▶ [What is required]: From the records below, print exactly the lines starting at the one containing "Bigfoot 2.0 leather sneakers - 3" and ending at the one containing "Matchbox Superfast No.", ends included, and nothing else.

▶ [Material shown]:
━━━━━━━━━━━━━━━━━━━━━━━━━━━━━━

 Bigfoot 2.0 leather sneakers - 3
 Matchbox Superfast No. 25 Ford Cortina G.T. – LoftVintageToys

━━━━━━━━━━━━━━━━━━━━━━━━━━━━━━

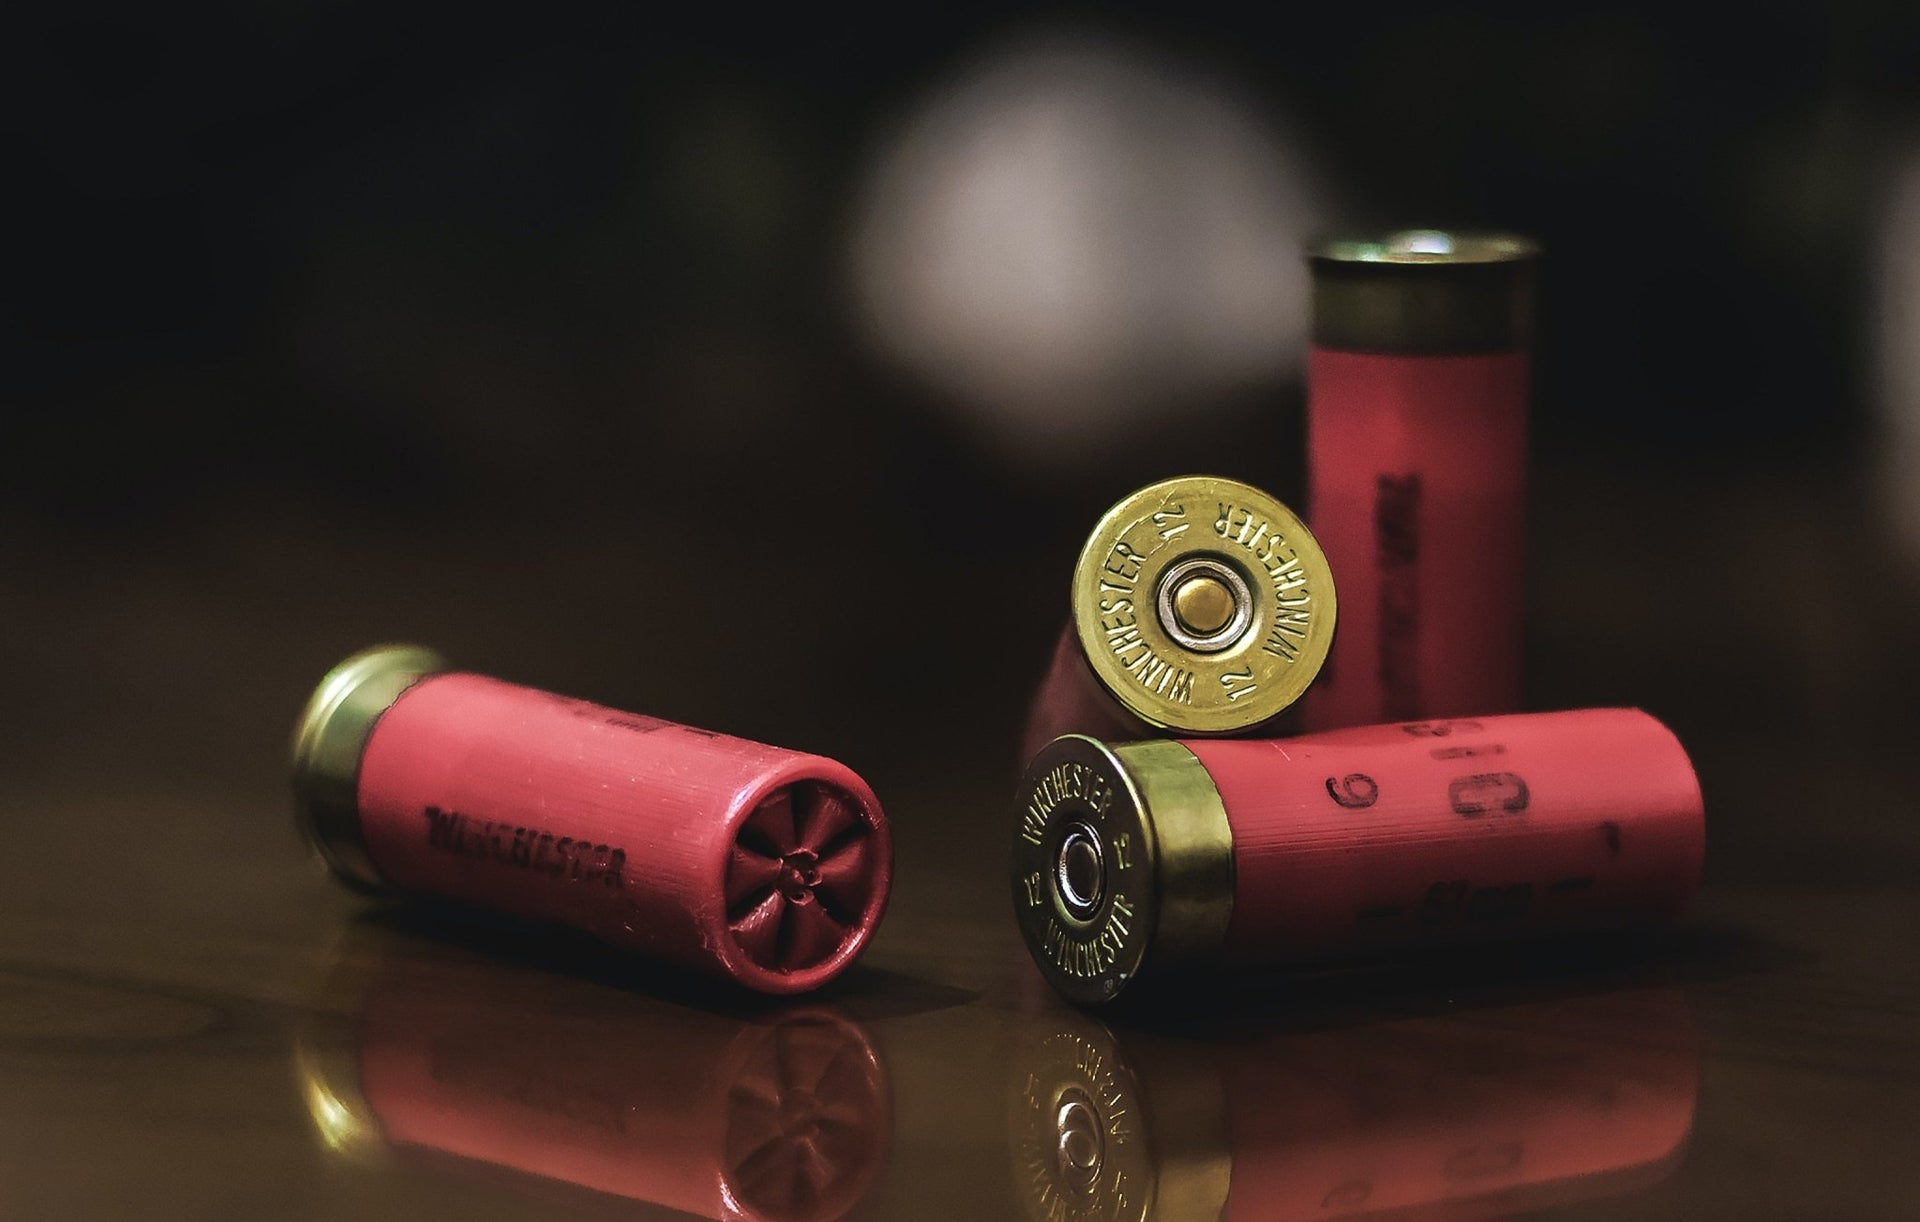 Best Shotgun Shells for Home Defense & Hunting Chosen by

━━━━━━━━━━━━━━━━━━━━━━━━━━━━━━

▶ [Expected answer]:
 Bigfoot 2.0 leather sneakers - 3
 Matchbox Superfast No. 25 Ford Cortina G.T. – LoftVintageToys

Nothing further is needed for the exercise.